Start of DATA TO USE

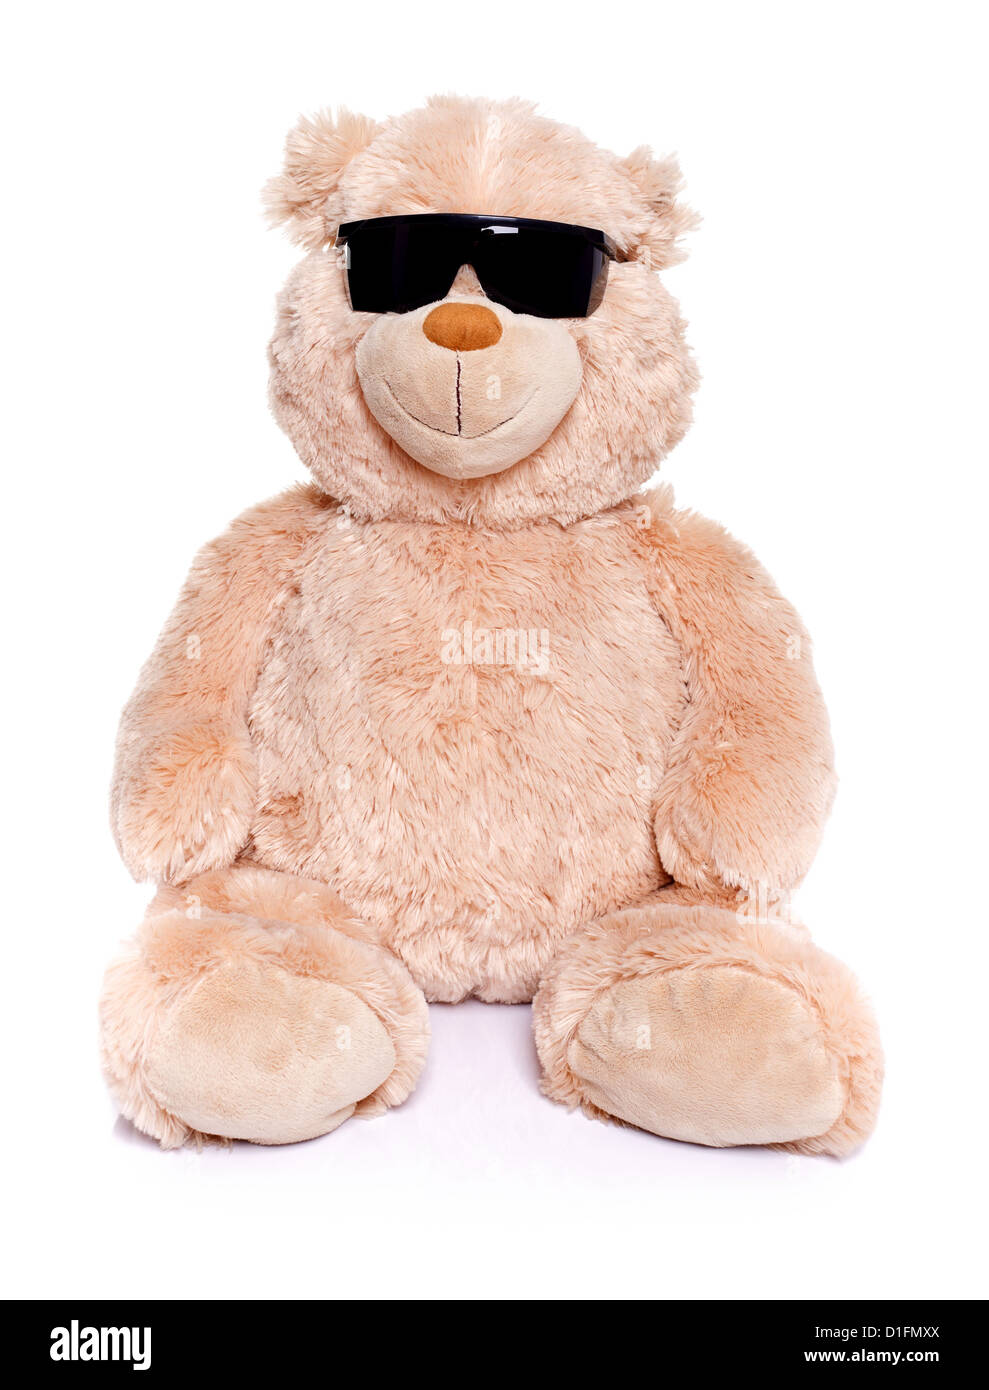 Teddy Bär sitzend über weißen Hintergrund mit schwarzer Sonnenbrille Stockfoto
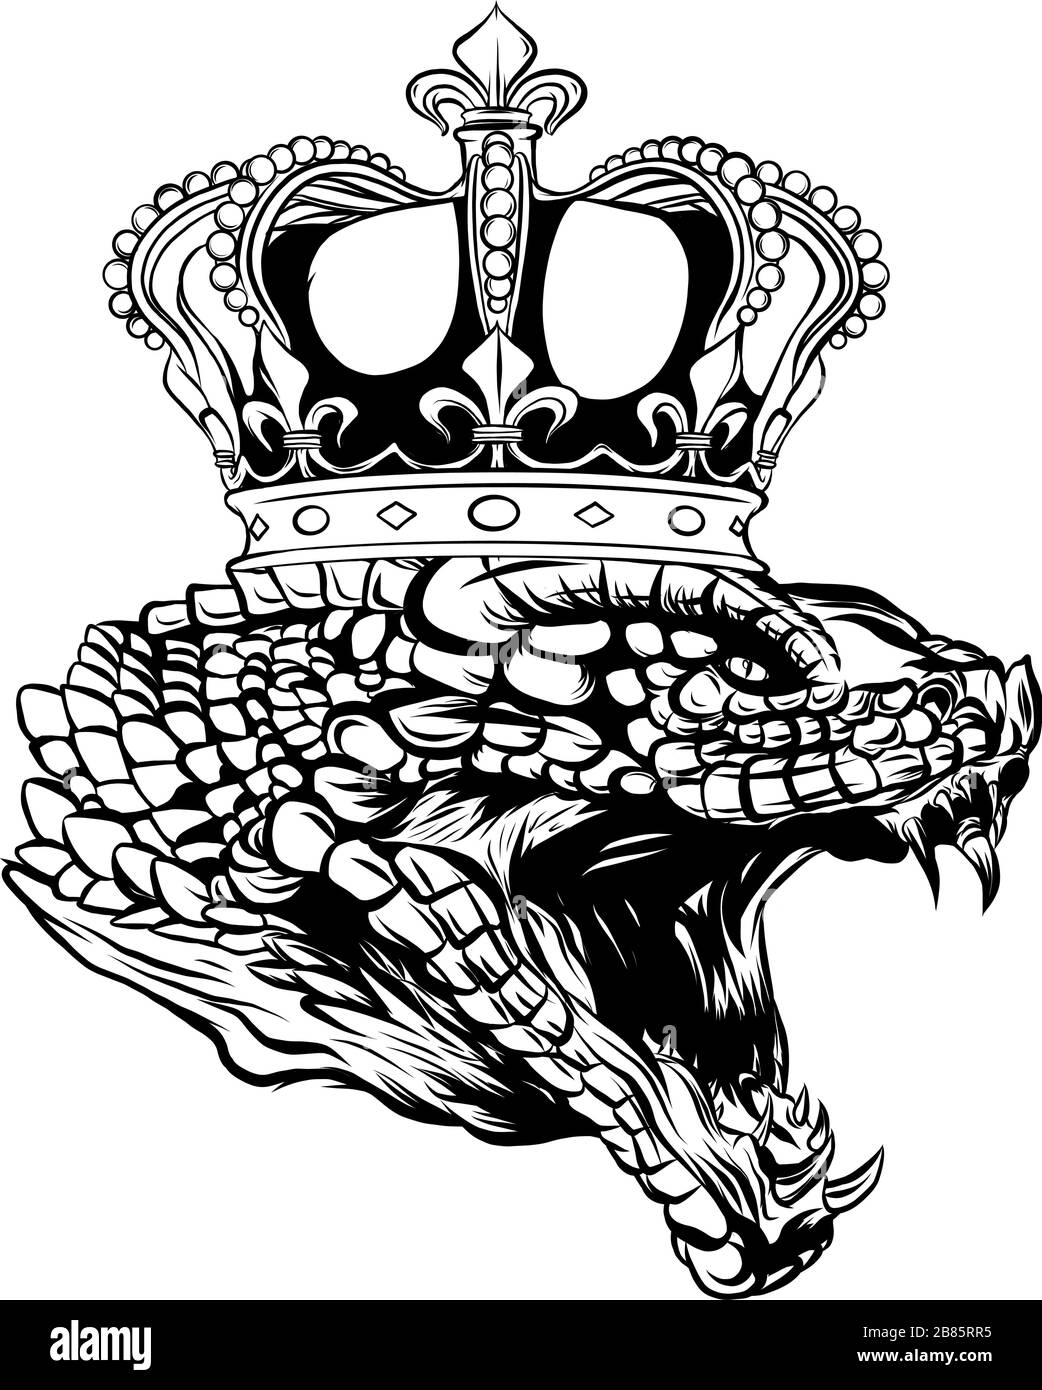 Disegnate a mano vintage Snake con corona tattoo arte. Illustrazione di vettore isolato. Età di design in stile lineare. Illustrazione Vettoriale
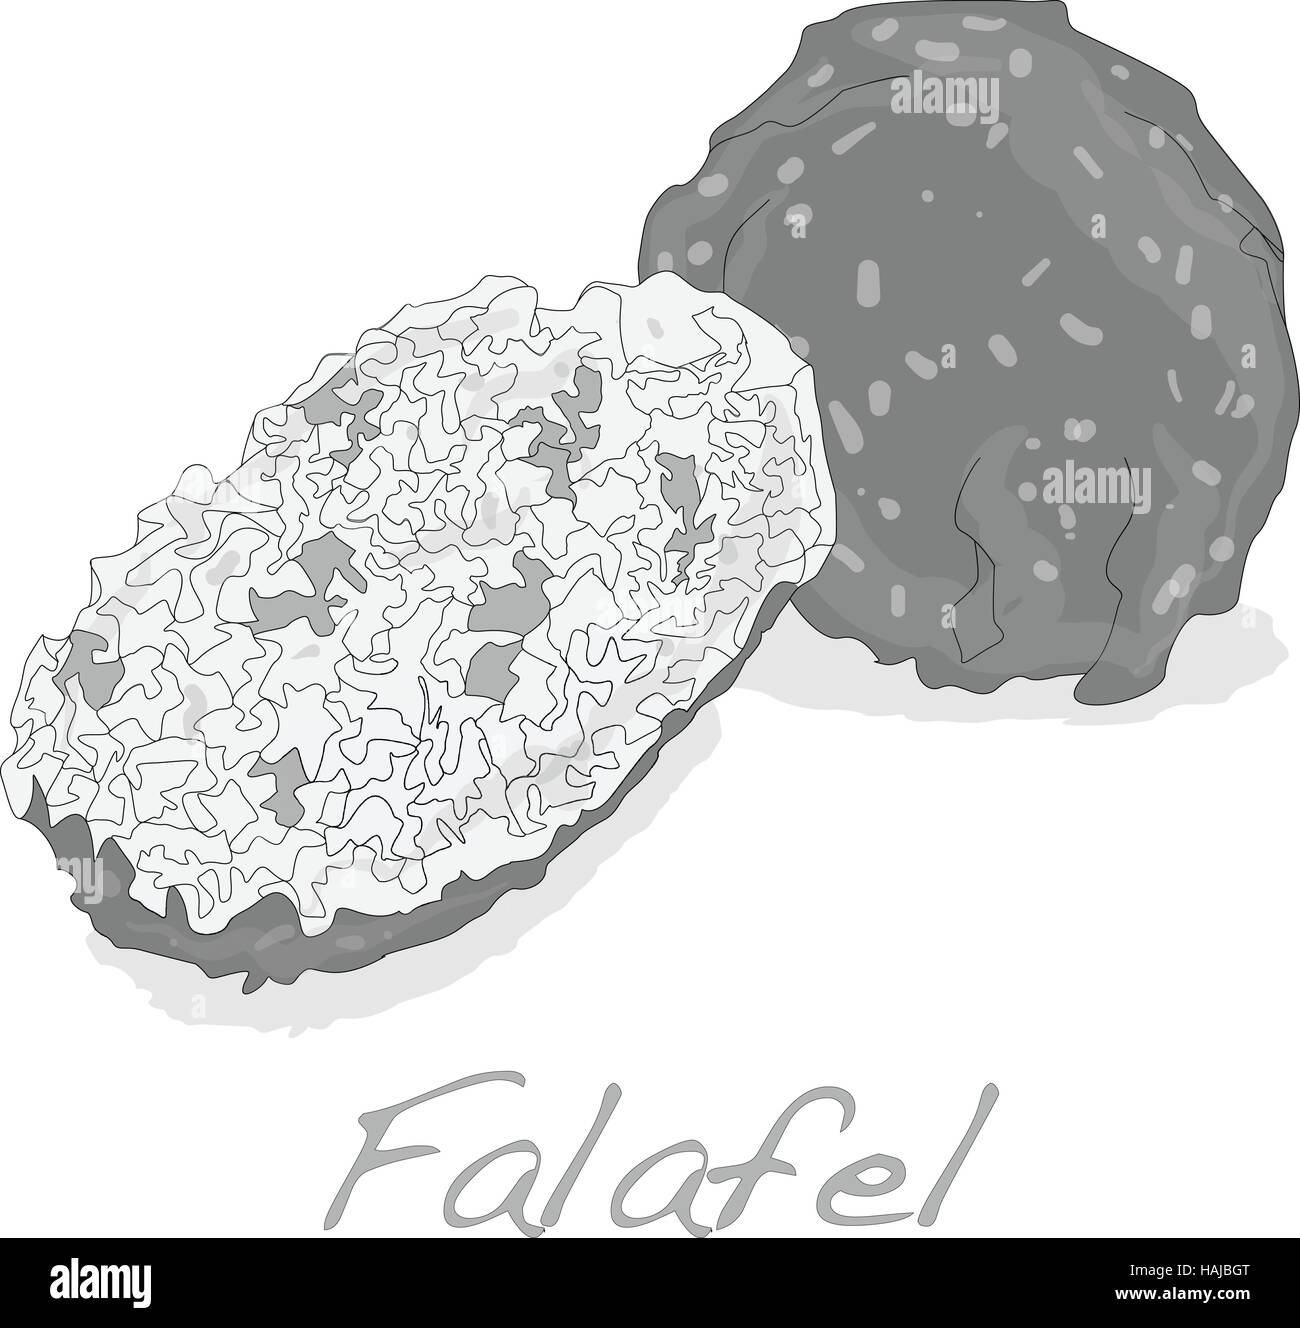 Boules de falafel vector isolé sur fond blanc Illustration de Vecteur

End of DATA TO USE
Start of DATA TO USE

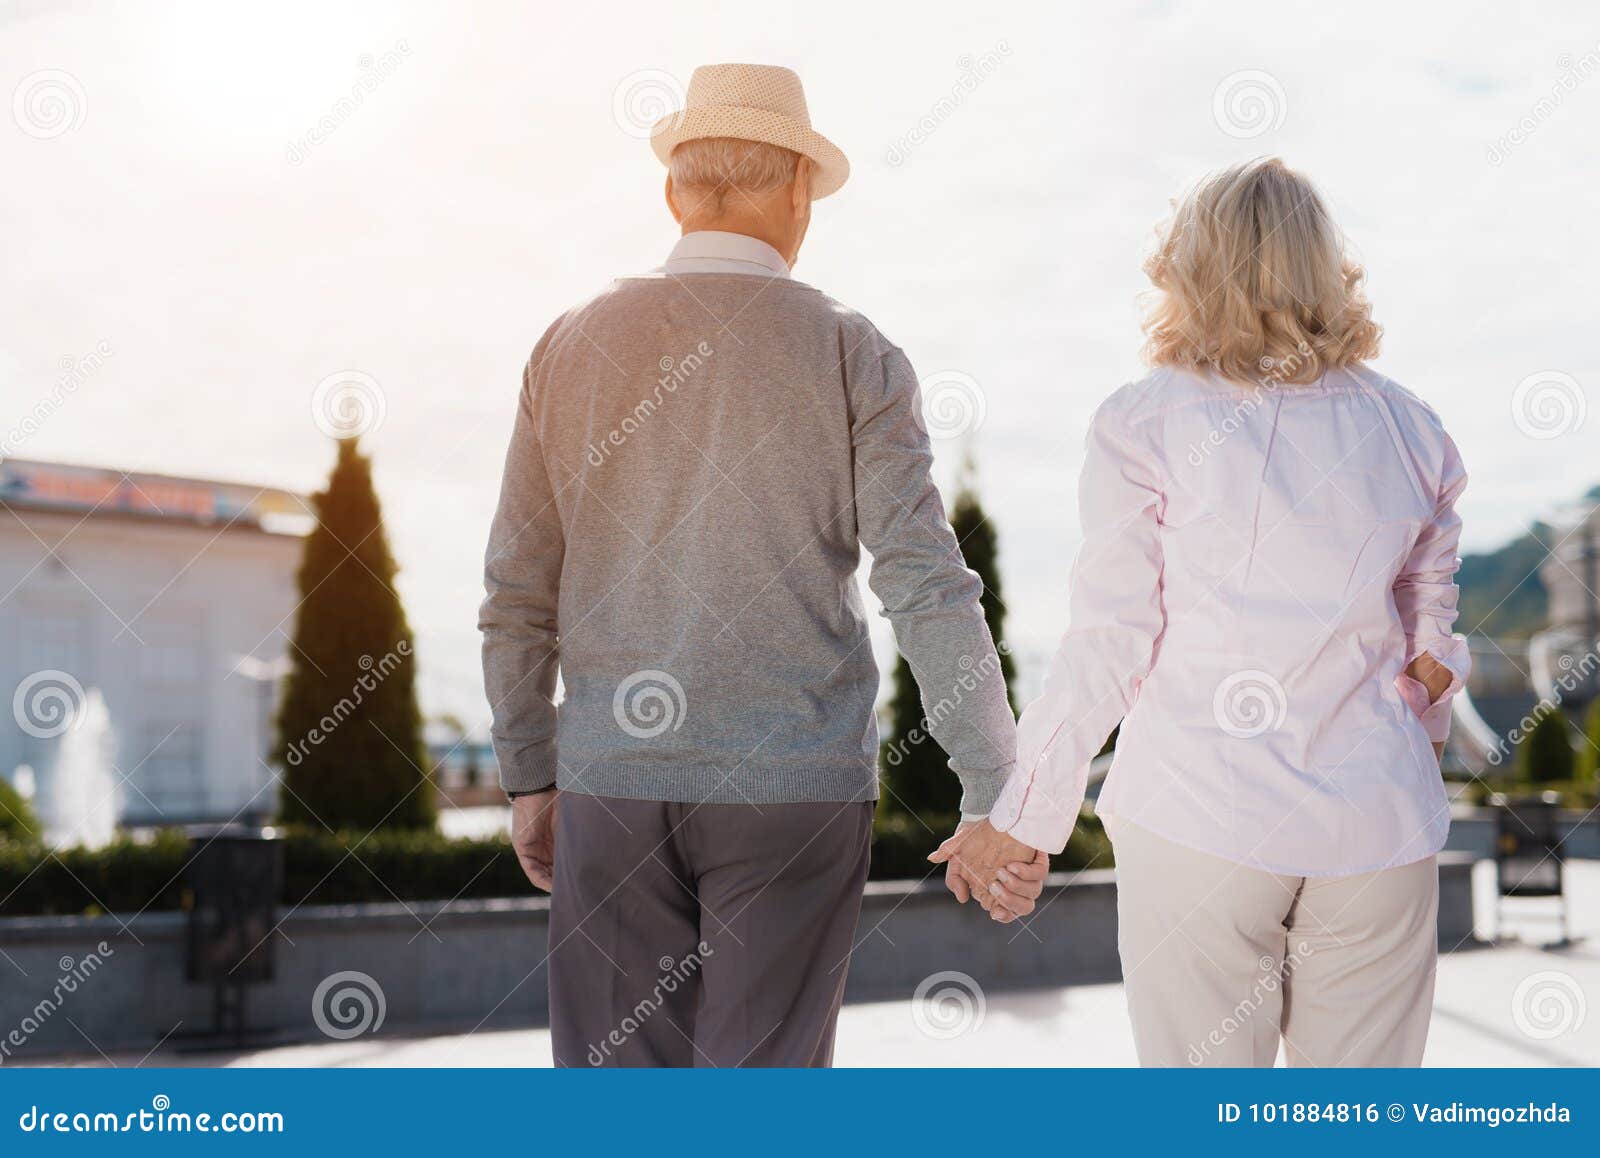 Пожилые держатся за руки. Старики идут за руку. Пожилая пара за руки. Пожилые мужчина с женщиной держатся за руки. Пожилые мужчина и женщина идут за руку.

End of DATA TO USE

WHAT YOU NEED TO DO — Starting at the line above that holds "Disegnate a mano", return each line up to and including the one that holds "Boules de falafel", exactly as written, minus any pictures.

SOLUTION FOR THIS TASK —
 Disegnate a mano vintage Snake con corona tattoo arte. Illustrazione di vettore isolato. Età di design in stile lineare. Illustrazione Vettoriale
 Boules de falafel vector isolé sur fond blanc Illustration de Vecteur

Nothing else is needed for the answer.